Arthur Lowe as ever is brilliant as Captain Mainwaring in the movie. I enjoyed how determined he is to defend Britain to the last, despite the opposition he gets especially from those like Major General Fullard who puts him down. I like how he confronted that German pilot in the film’s dramatic finale.

John Le Mesurier is equally brilliant as Sgt. Wilson in the movie. He maintains the laid-back, nonchalant attitude that provides a good foil for Mainwaring. He also quietly supports Mainwaring within the Home Guard, despite him being politer, posh and not militant as Mainwaring would like. 🙂

I enjoyed Clive Dunn as Lance Corporal Jones in the film. Jonesy is pretty enthusiastic despite being of old age. I could hear more of him sharing stories of being in the Sudan and saying ‘they don’t like it up ’em’. That moment when he blows up the gas bag on his van with a bayonet was very funny. 😀

John Laurie as Private Frazer is equally good, being the cynical Scottish soldier as usual. I should point out a lot of the ‘privates’ don’t get much to do compared to the main leads. But Frazer has stand-out moments, including when he gets annoyed with Jonesy ruining his oil weapon for the road.

James Beck is excellent as Private Walker in this movie. Not meaning to be a downer, but I’m glad this movie was made before he passed away in 1973. I enjoyed Walker’s spiv stuff in the film and it was amusing when he got inside Jonesy’s bathtub tank that very soon ended up falling into the river.

Arnold Ridley was funny as Godfrey in the movie. There’s a scene where Godfrey is out in the pouring rain on guard duty and he recites a poem to keep his mind off ‘being excused’. Admittedly that’s taken from the episode ‘Battle School’, but it’s amusing how it found its way here into the film.

Ian Lavender is very good as Pike in the film. I don’t think Pike is particularly stand-out in the movie. He’s quieter and reserved compared to being in the TV series, especially during a line-up scene. It was funny when Pike had to do Walker’s guard duty instead whilst Walker attended to his ‘mother’!

The film also features Liz Frazer as…Mrs. Pike. Not Janet Davies. Okay, now this is interesting. Liz Frazer is well-known for being in ‘Carry On’ films. The reason she was cast as Mrs. Pike instead of Janet Davies is because she was more ‘sexier’ and less ‘homely’. I would have preferred Janet Davies.
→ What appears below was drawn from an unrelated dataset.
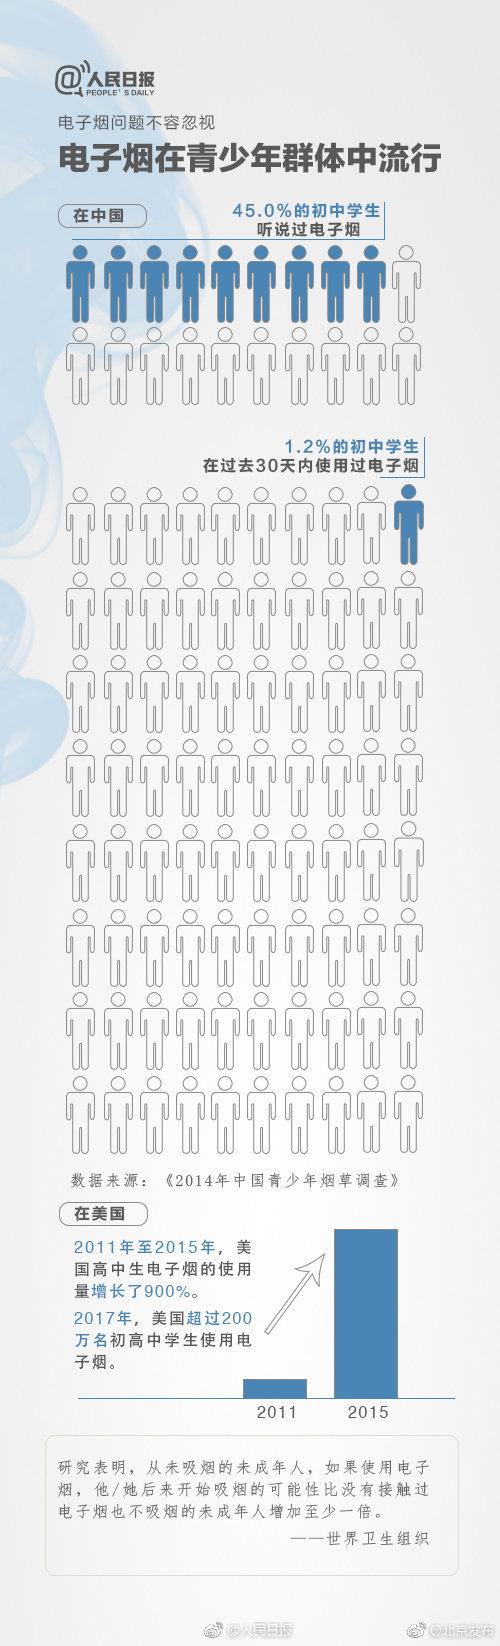 电子烟的危害有多大?长时间吸食同样有害

Now that’s not to say Liz Frazer is terrible as Mrs. Pike. She plays the character decently well for the few scenes she’s in. But she doesn’t match to the edge Janet Davies had with Mrs. Pike in the TV series. Jimmy Perry wasn’t happy with the casting decision of Liz Frazer. It was imposed by Columbia.

The film also features Bernard Archard as Major General Fullard, the film’s antagonist. I’ve seen and heard Bernard Archard in ‘Doctor Who’ stories like ‘The Power of the Daleks’ and ‘Pyramids of Mars’. I found Major General Fullard to be an unlikeable jerk. He takes instant dislike to Mainwaring.
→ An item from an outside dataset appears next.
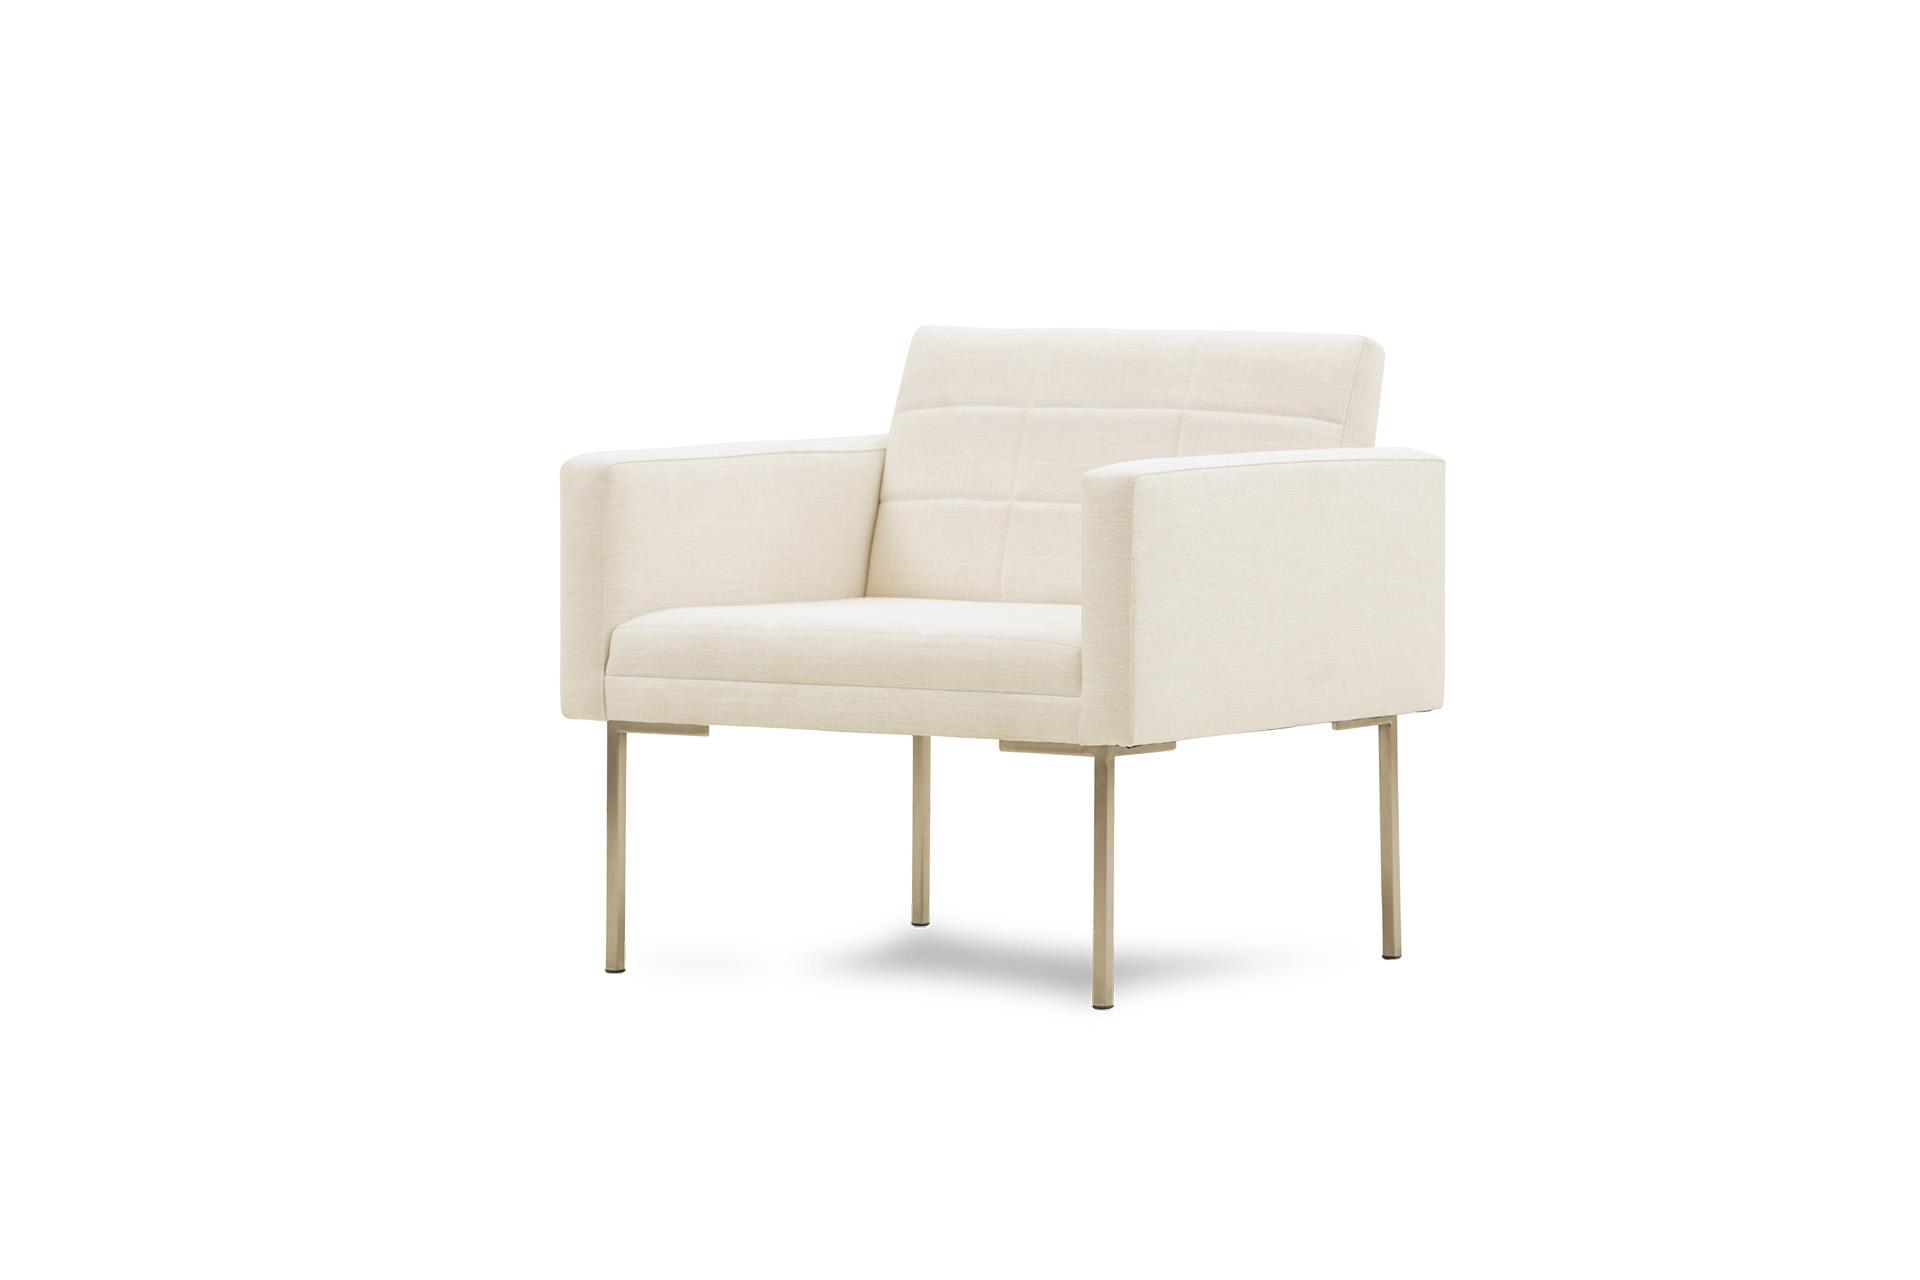 Montlake Chair

And the reason for that is…Mainwaring wouldn’t cash his cheque to him at the bank upon first meeting. Now I believe Mainwaring was in the right when suspecting Fullard might be a spy. But Mainwaring’s mistakes in being commander of the platoon don’t help to win Fullard’s approval here.
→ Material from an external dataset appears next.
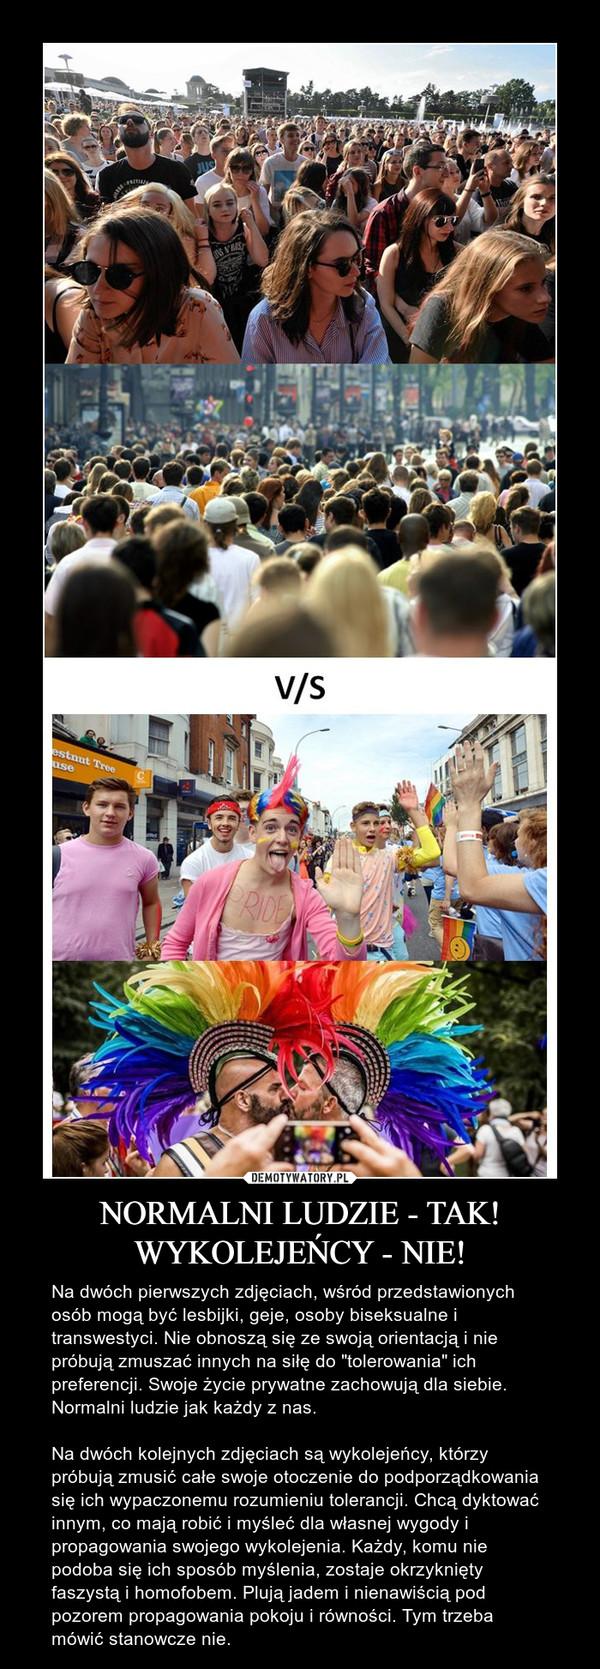 """NORMALNI LUDZIE - TAK!WYKOLEJEŃCY - NIE! – Na dwóch pierwszych zdjęciach, wśród przedstawionych osób mogą być lesbijki, geje, osoby biseksualne i transwestyci. Nie obnoszą się ze swoją orientacją i nie próbują zmuszać innych na siłę do """"tolerowania"""" ich preferencji. Swoje życie prywatne zachowują dla siebie. Normalni ludzie jak każdy z nas. Na dwóch kolejnych zdjęciach są wykolejeńcy, którzy próbują zmusić całe swoje otoczenie do podporządkowania się ich wypaczonemu rozumieniu tolerancji. Chcą dyktować innym, co mają robić i myśleć dla własnej wygody i propagowania swojego wykolejenia. Każdy, komu nie podoba się ich sposób myślenia, zostaje okrzyknięty faszystą i homofobem. Plują jadem i nienawiścią pod pozorem propagowania pokoju i równości. Tym trzeba mówić stanowcze nie."""

The cast also includes Derek Newark (who I’ve seen in the ‘Doctor Who’ stories ‘An Unearthly Child’ and ‘Inferno’) as the Regimental Sergeant Major. There’s also Bill Pertwee as Hodges, Frank Williams as the Vicar, Edward Sinclair as the Verger and Michael Knowles the Staff Captain. There’s also Scott Fredericks (who I’ve seen in the ‘Doctor Who’ stories ‘Day of the Daleks’ and ‘Image of the Fendahl’); Ingo Mogendorf and Franz Van Norde as the Nazi pilots!

There were plans for a sequel to the ‘Dad’s Army’ movie. Sadly that didn’t happen, which is a shame. The film had mixed reviews despite performing well at the box office. Apparently the sequel would’ve been called ‘Dad’s Army and the Secret U-Boat Base’. Possible ‘Deadly Attachment’ movie?

‘Dad’s Army: The Movie’ is an enjoyable ride featuring the ‘Dad’s Army’ cast in a big-budget movie by Columbia Pictures. It’s not the greatest spectacle, but for what it’s worth I’m very happy to have seen it. It’s a better film adaptation of the TV show and remains really true with our main characters.